__Task prompt__. The expected output is the data below, character for character, without its pictures.

__Input data__.
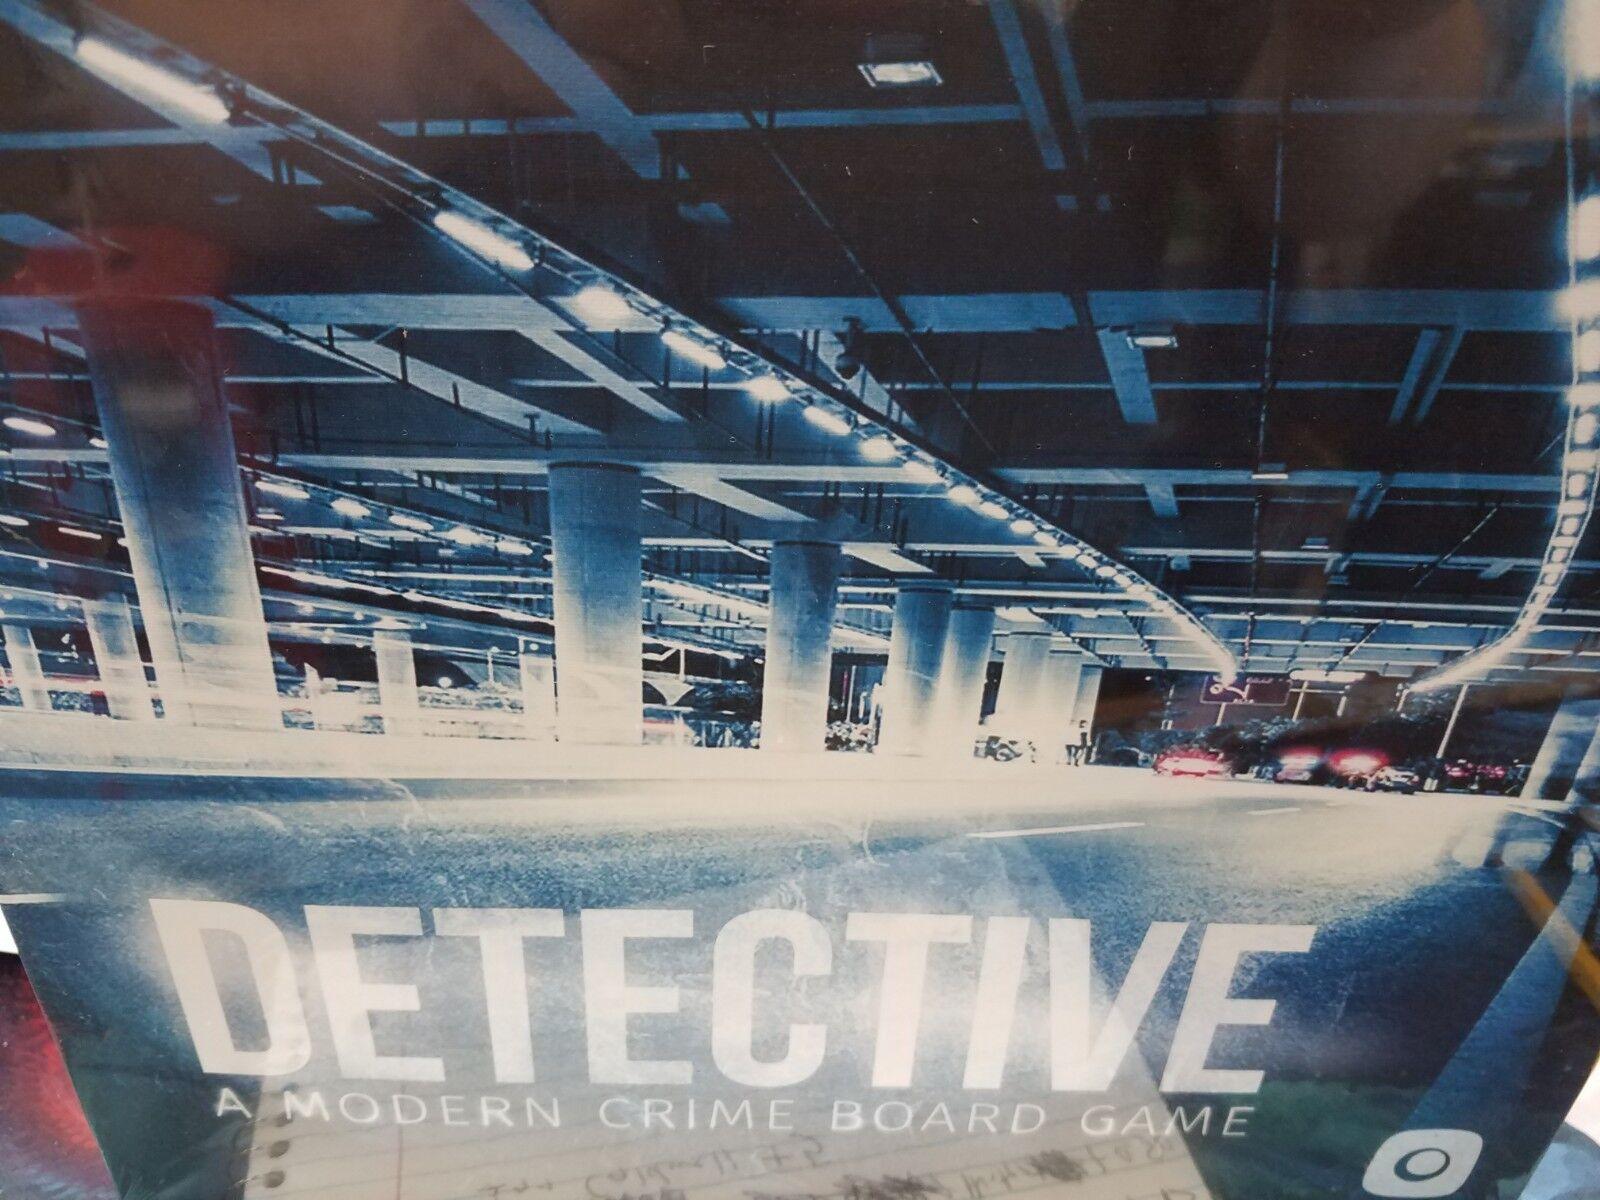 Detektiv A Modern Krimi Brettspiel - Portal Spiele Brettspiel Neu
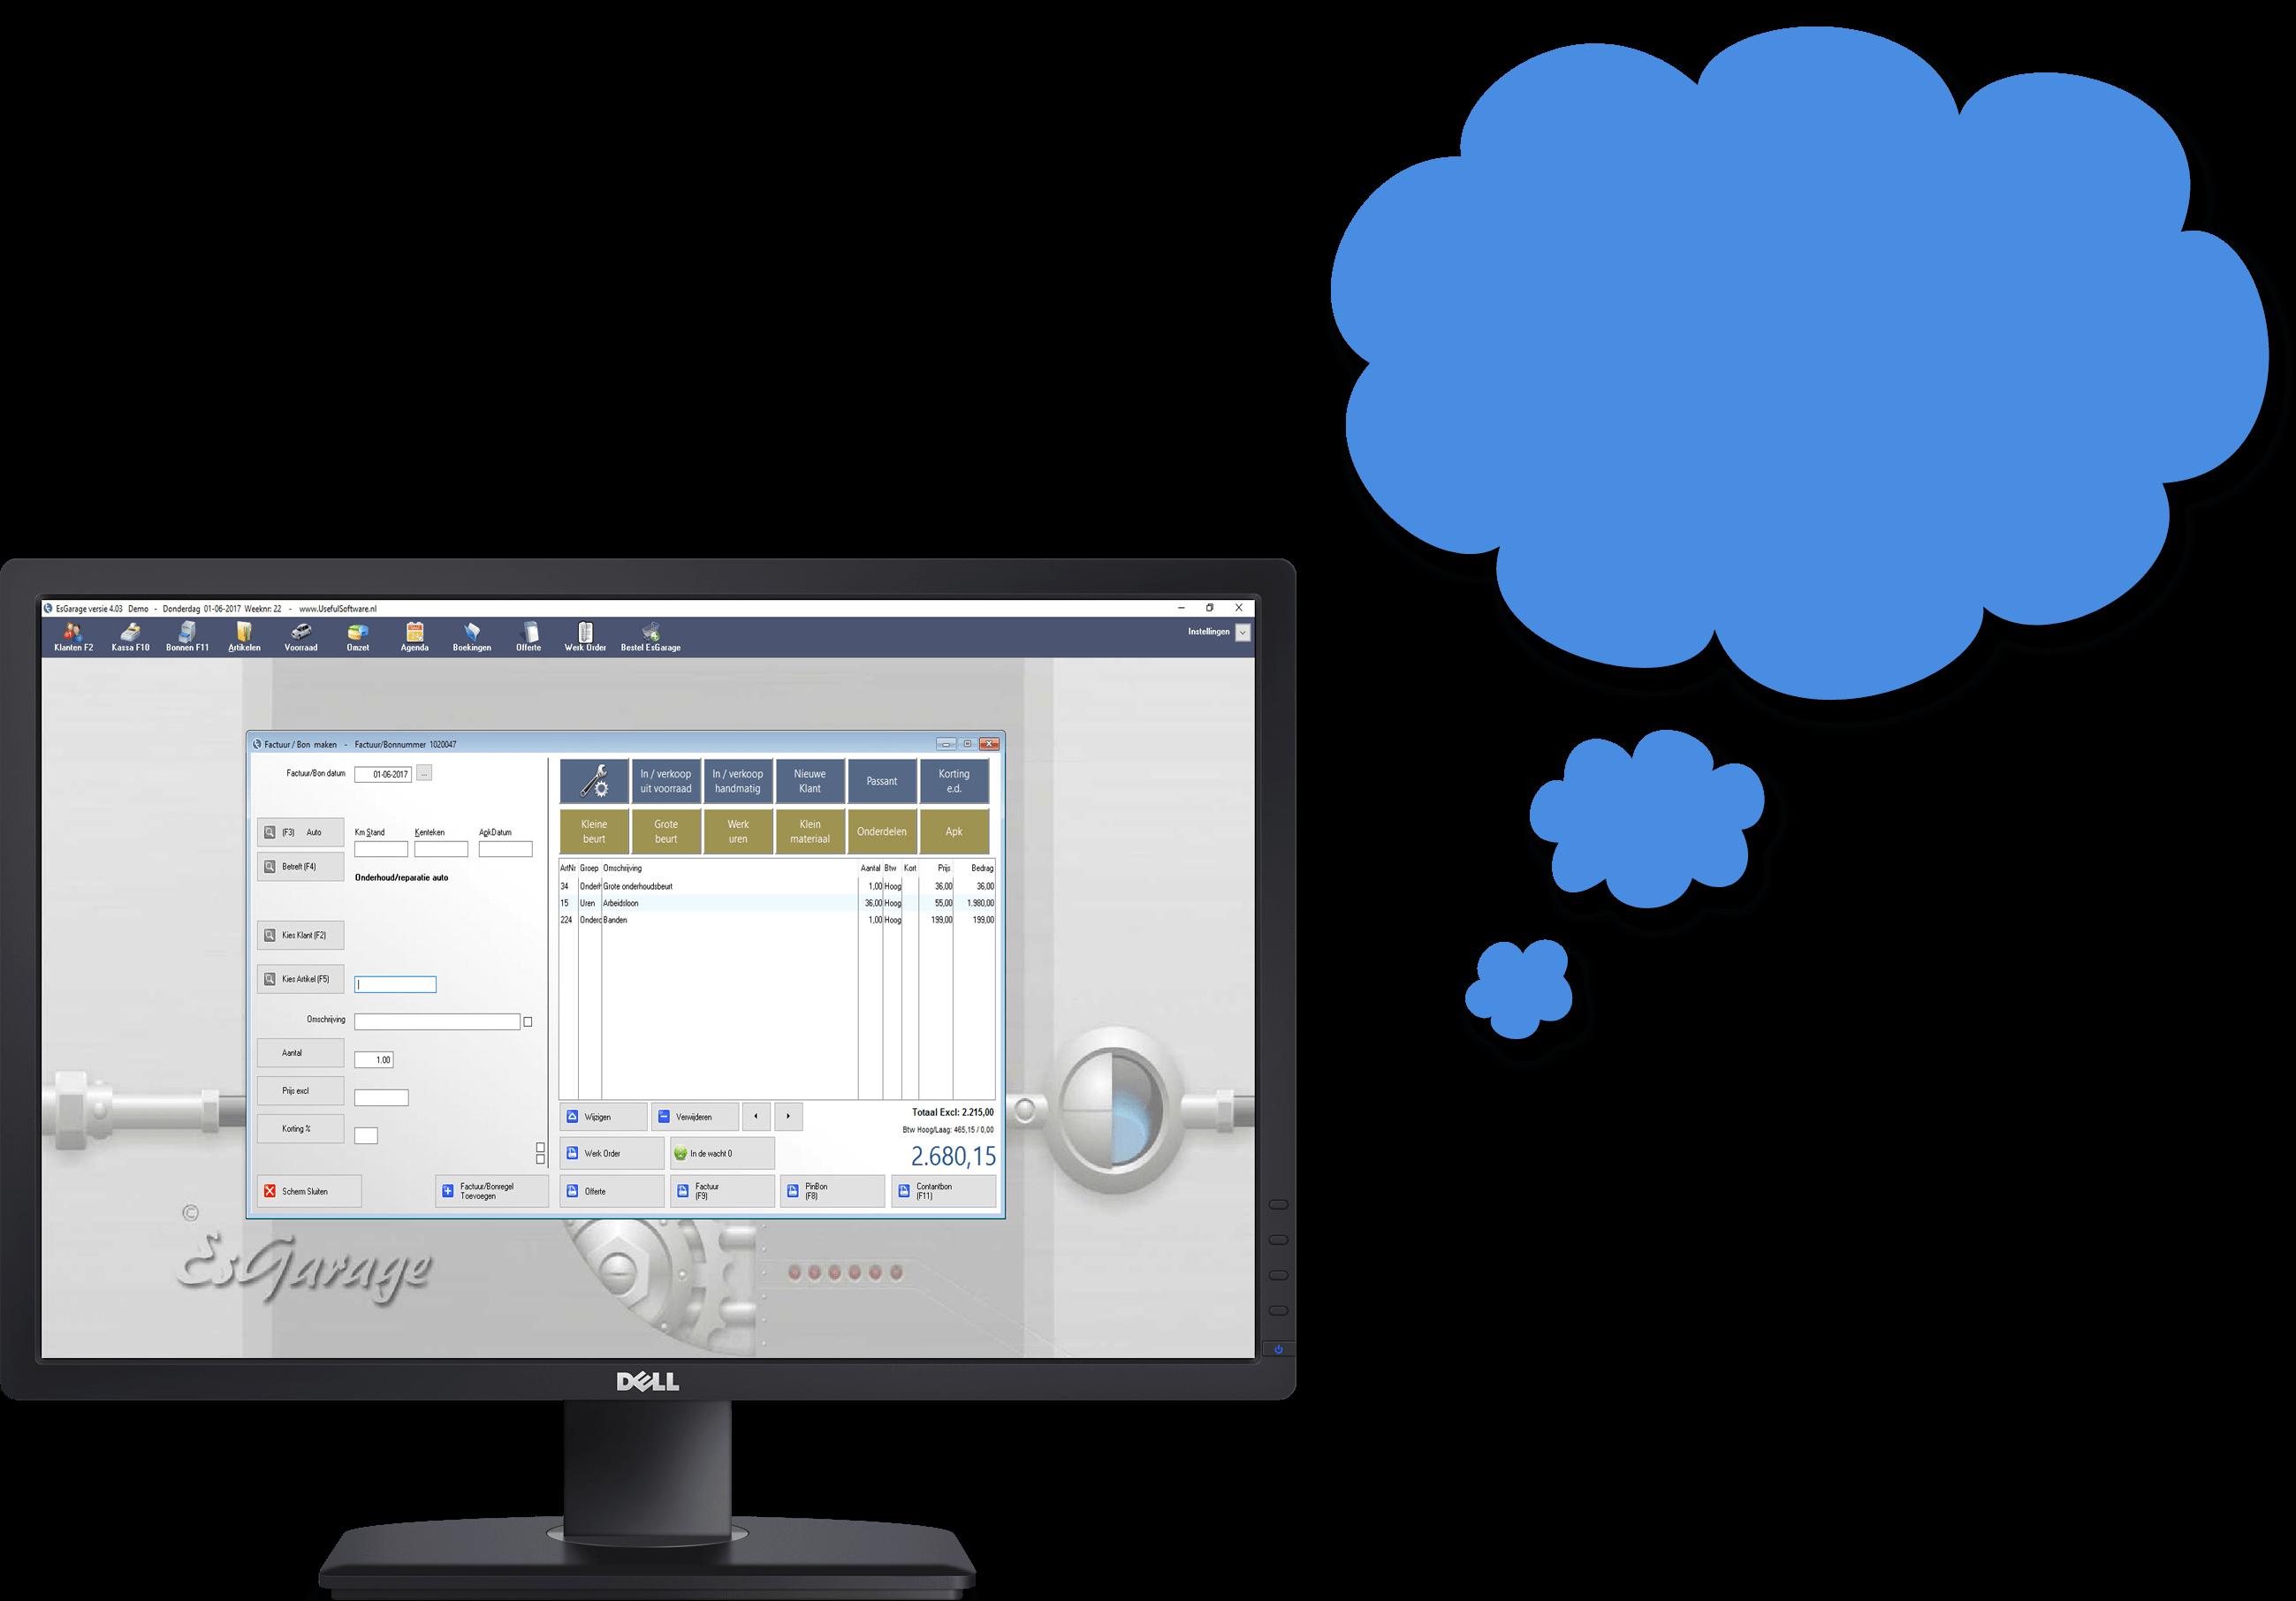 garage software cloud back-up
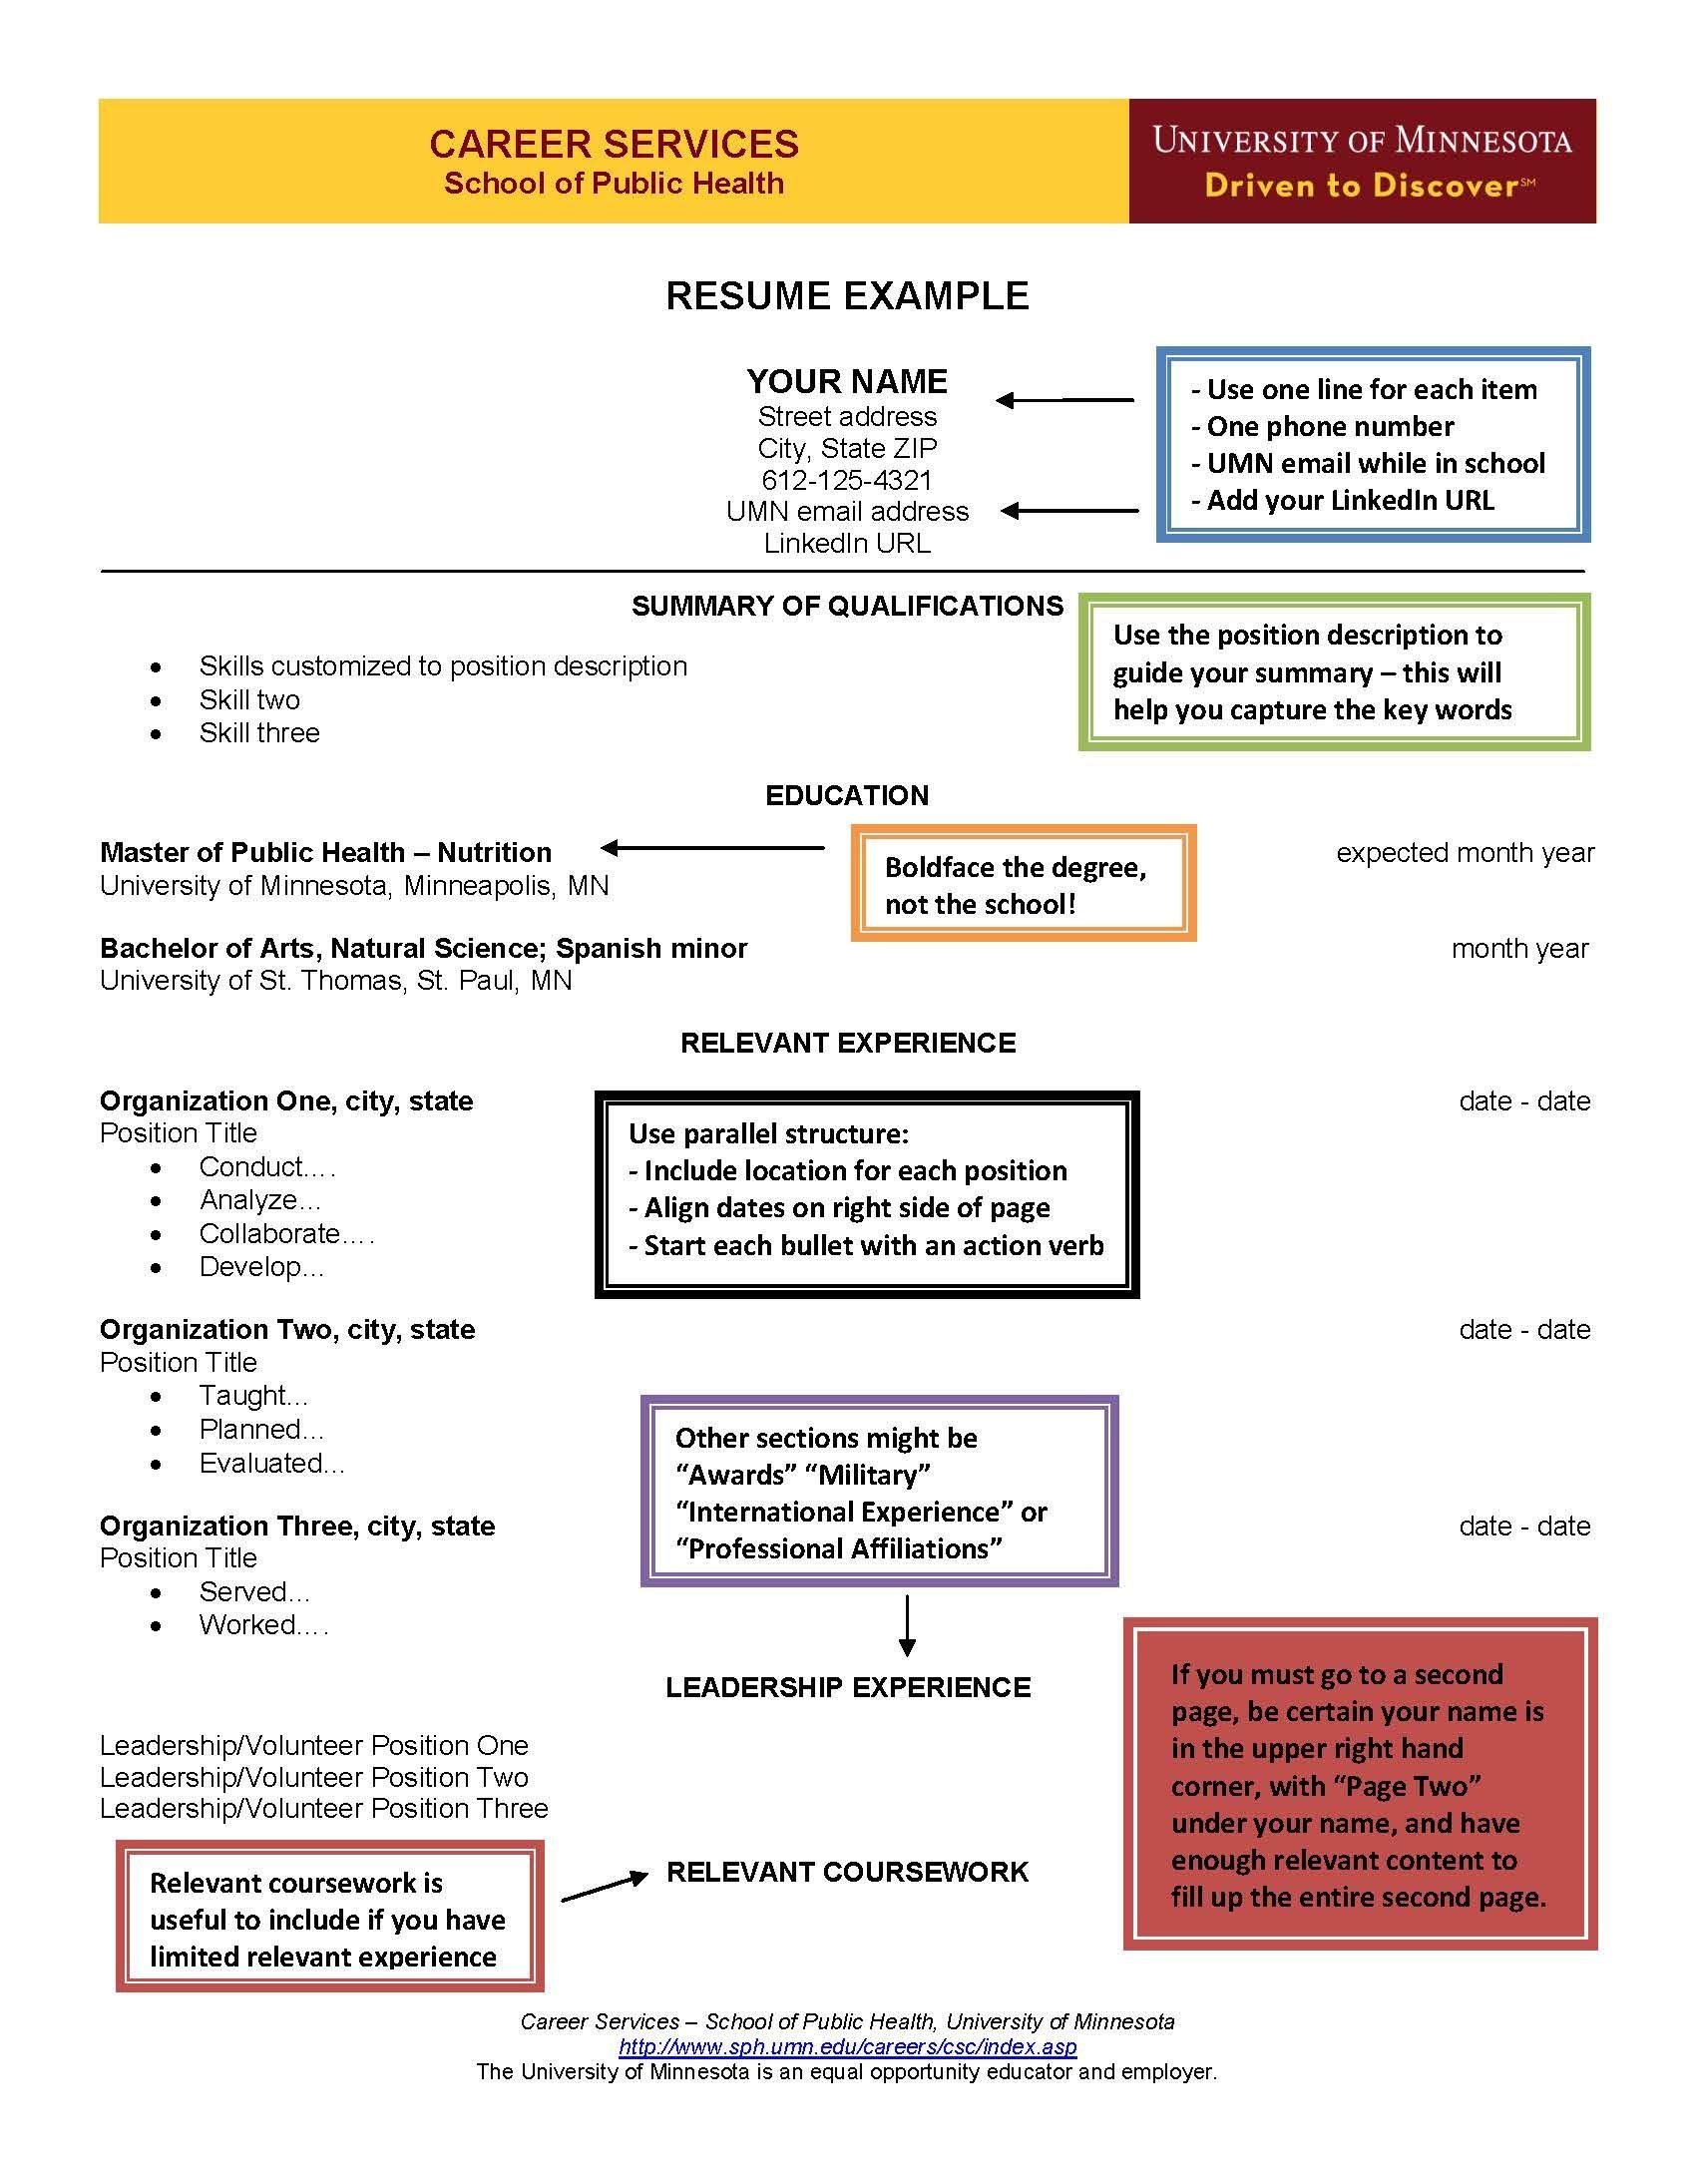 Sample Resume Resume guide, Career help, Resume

__Solution for this task__.
 Detektiv A Modern Krimi Brettspiel - Portal Spiele Brettspiel Neu
 garage software cloud back-up
 Sample Resume Resume guide, Career help, Resume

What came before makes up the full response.